→ Given data:
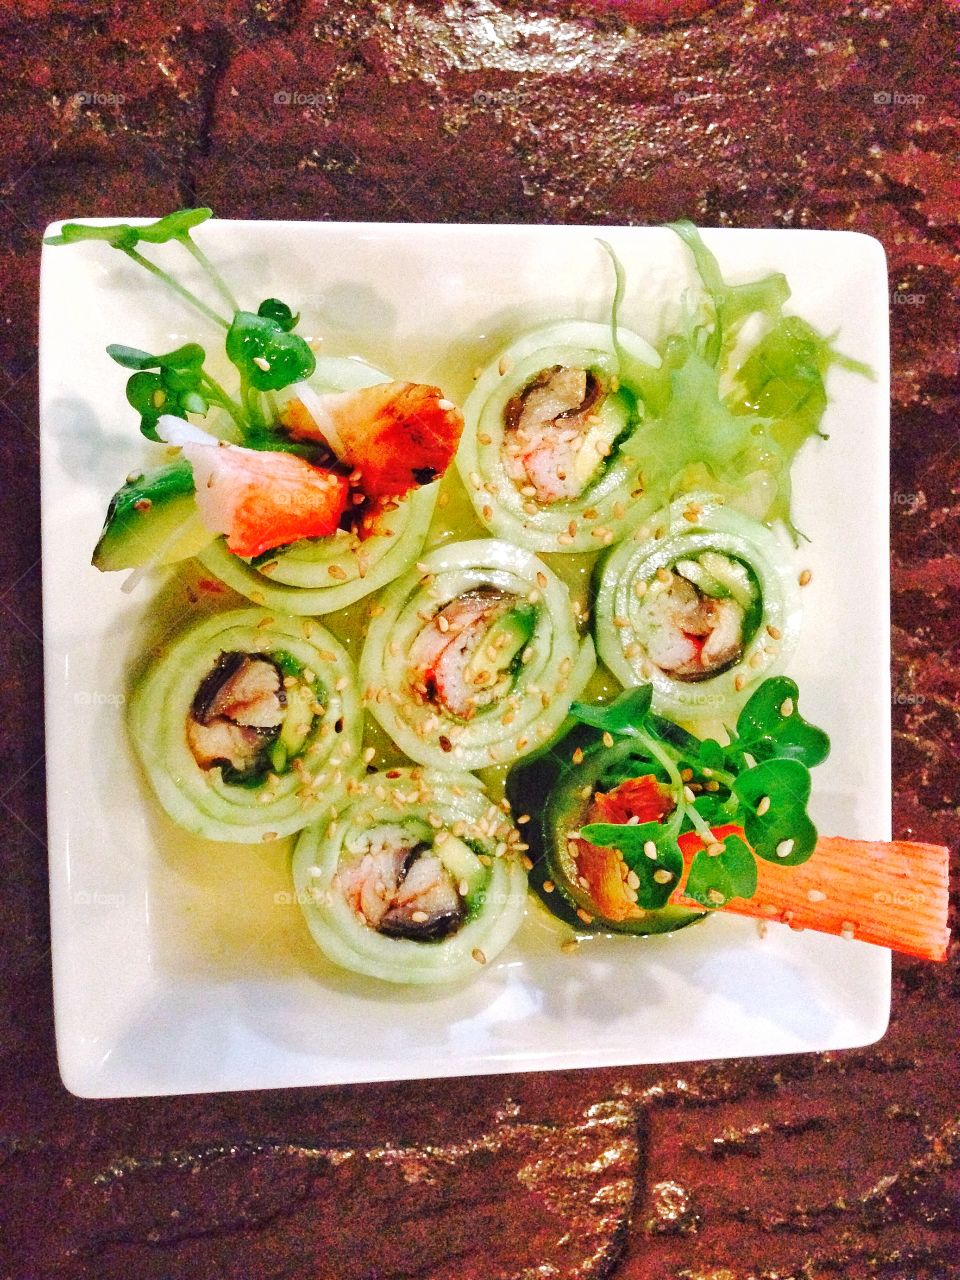 Sushi rolls with crab and avocado
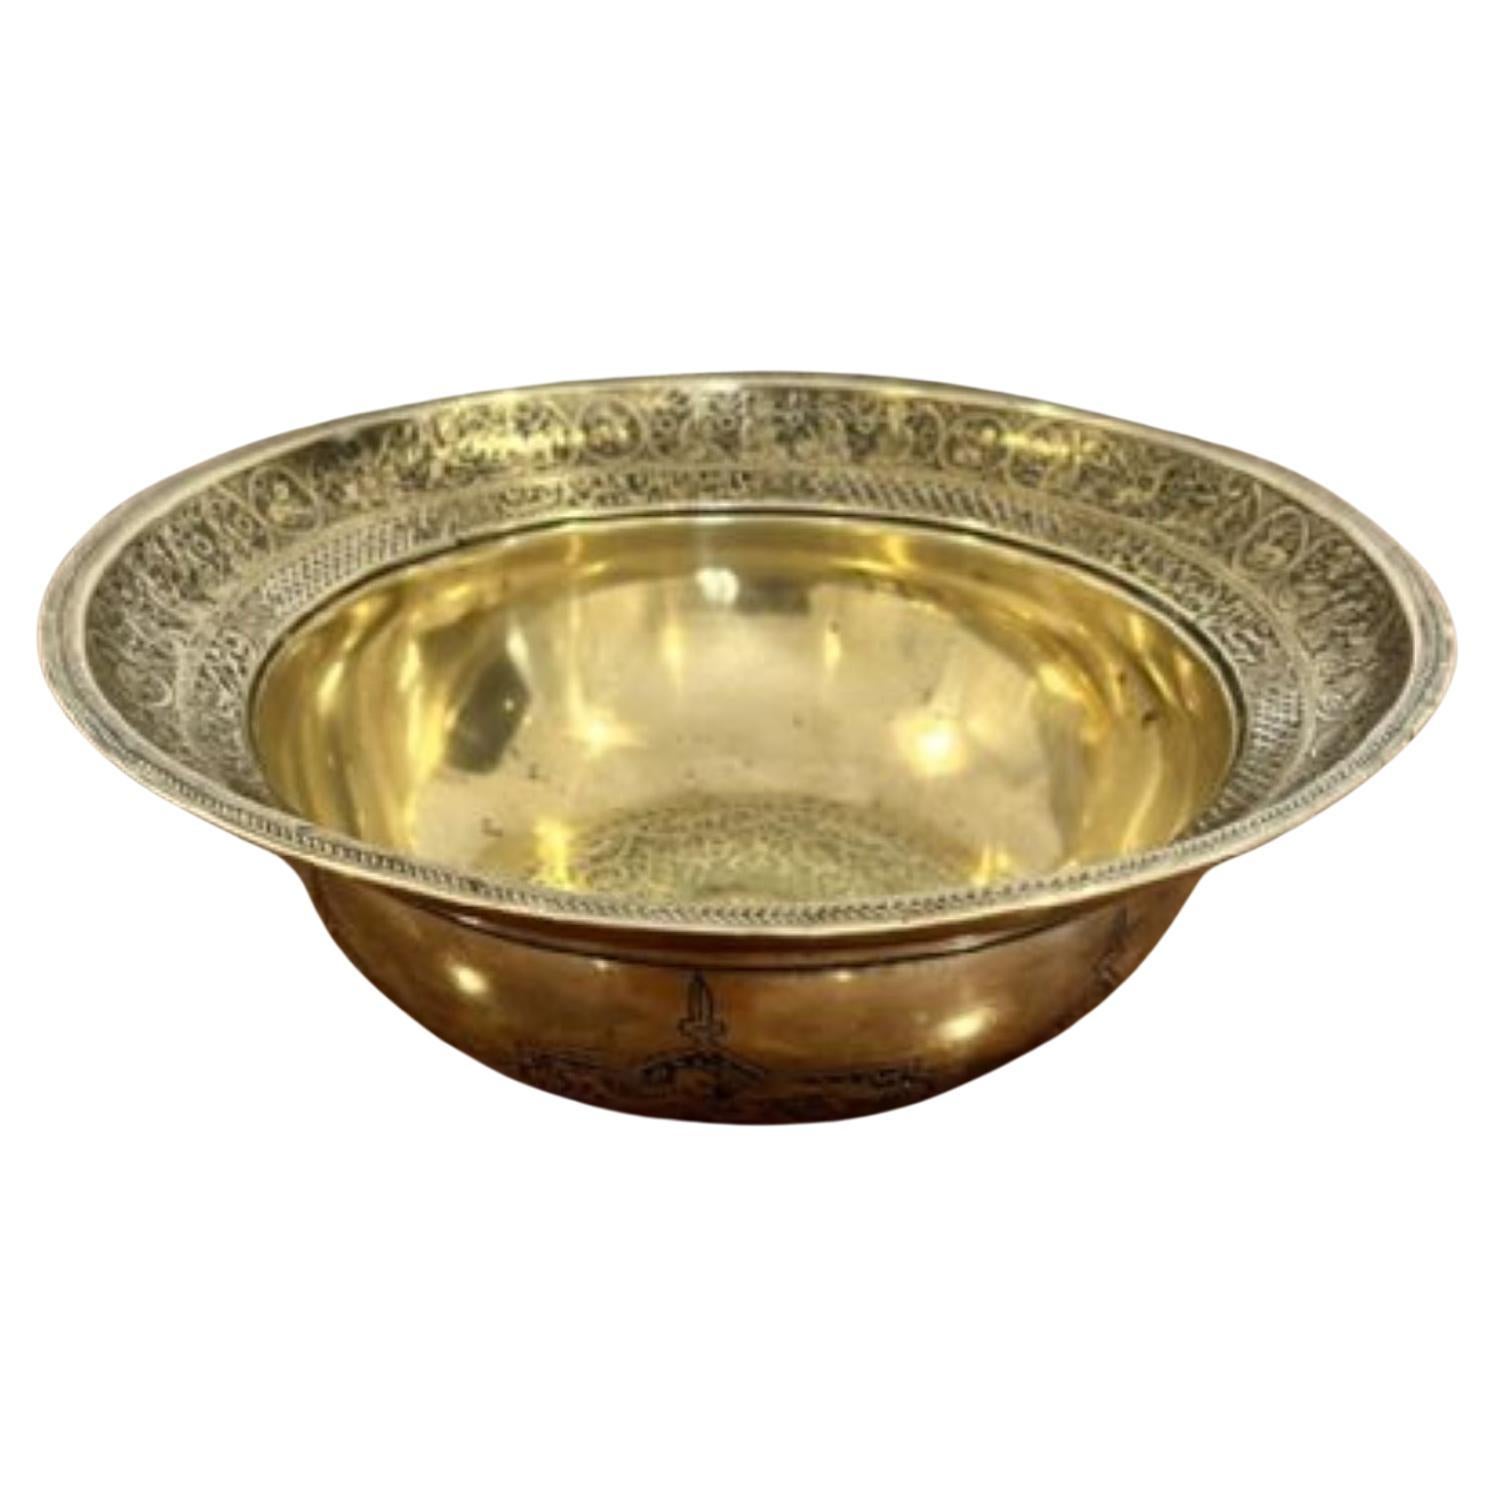 Impressive antique Victorian circular cairoware brass and mixed metal bowl For Sale
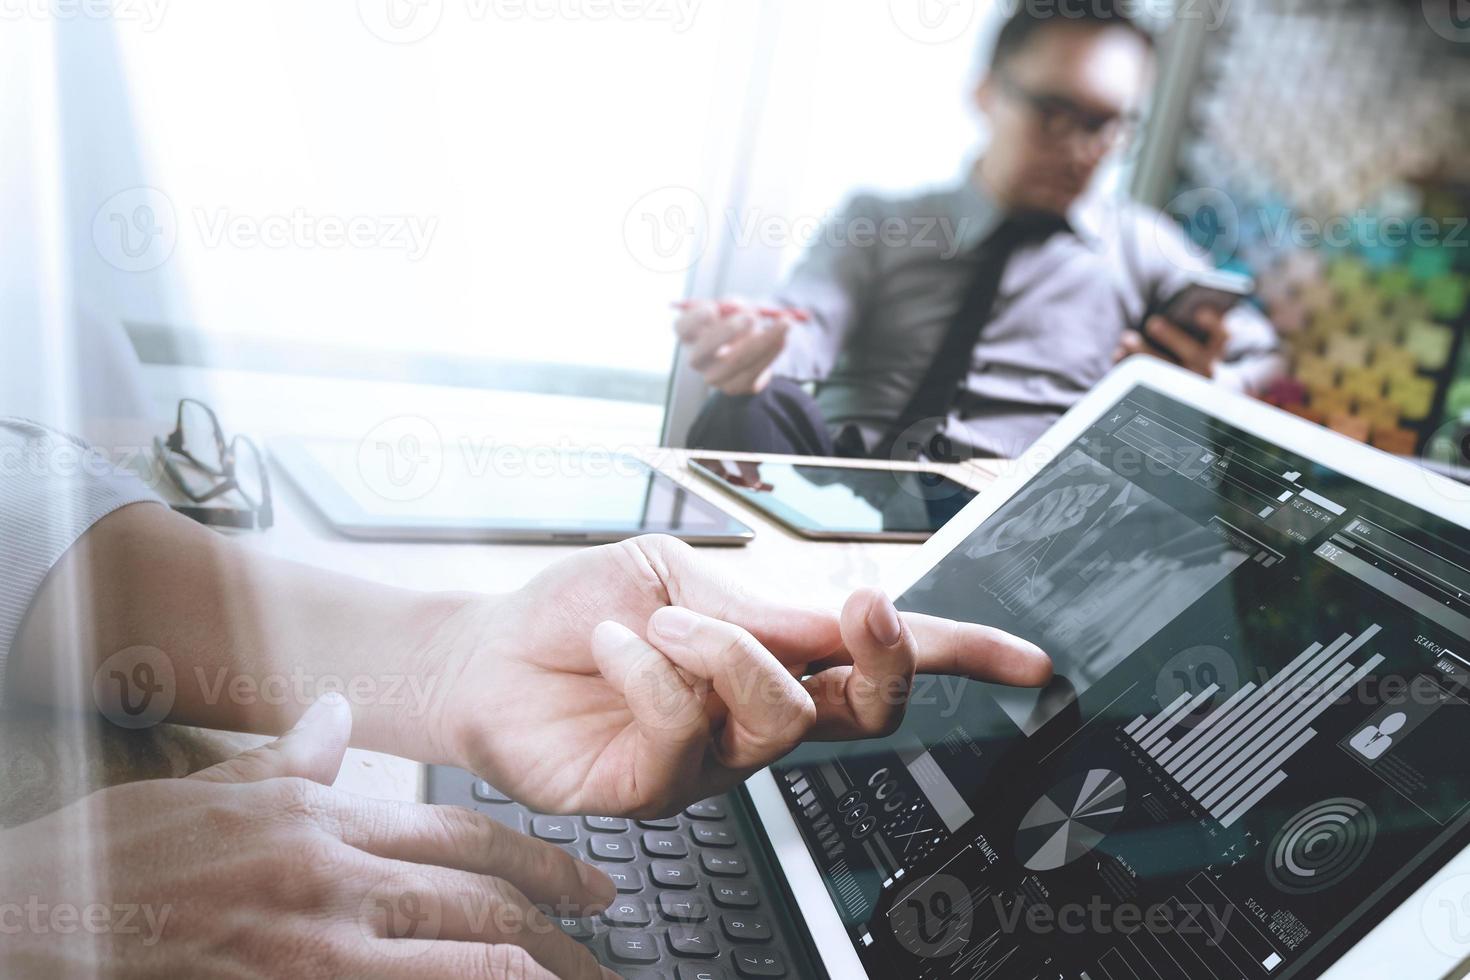 Business team meeting present. Photo professional investor working with new start up project. Digital tablet laptop computer design smart phone using, keyboard docking screen foreground,sun flare

→ Required action:
Give the listing again word for word, without its images.

→ Written solution:
 Sushi rolls with crab and avocado
 Impressive antique Victorian circular cairoware brass and mixed metal bowl For Sale
 Business team meeting present. Photo professional investor working with new start up project. Digital tablet laptop computer design smart phone using, keyboard docking screen foreground,sun flare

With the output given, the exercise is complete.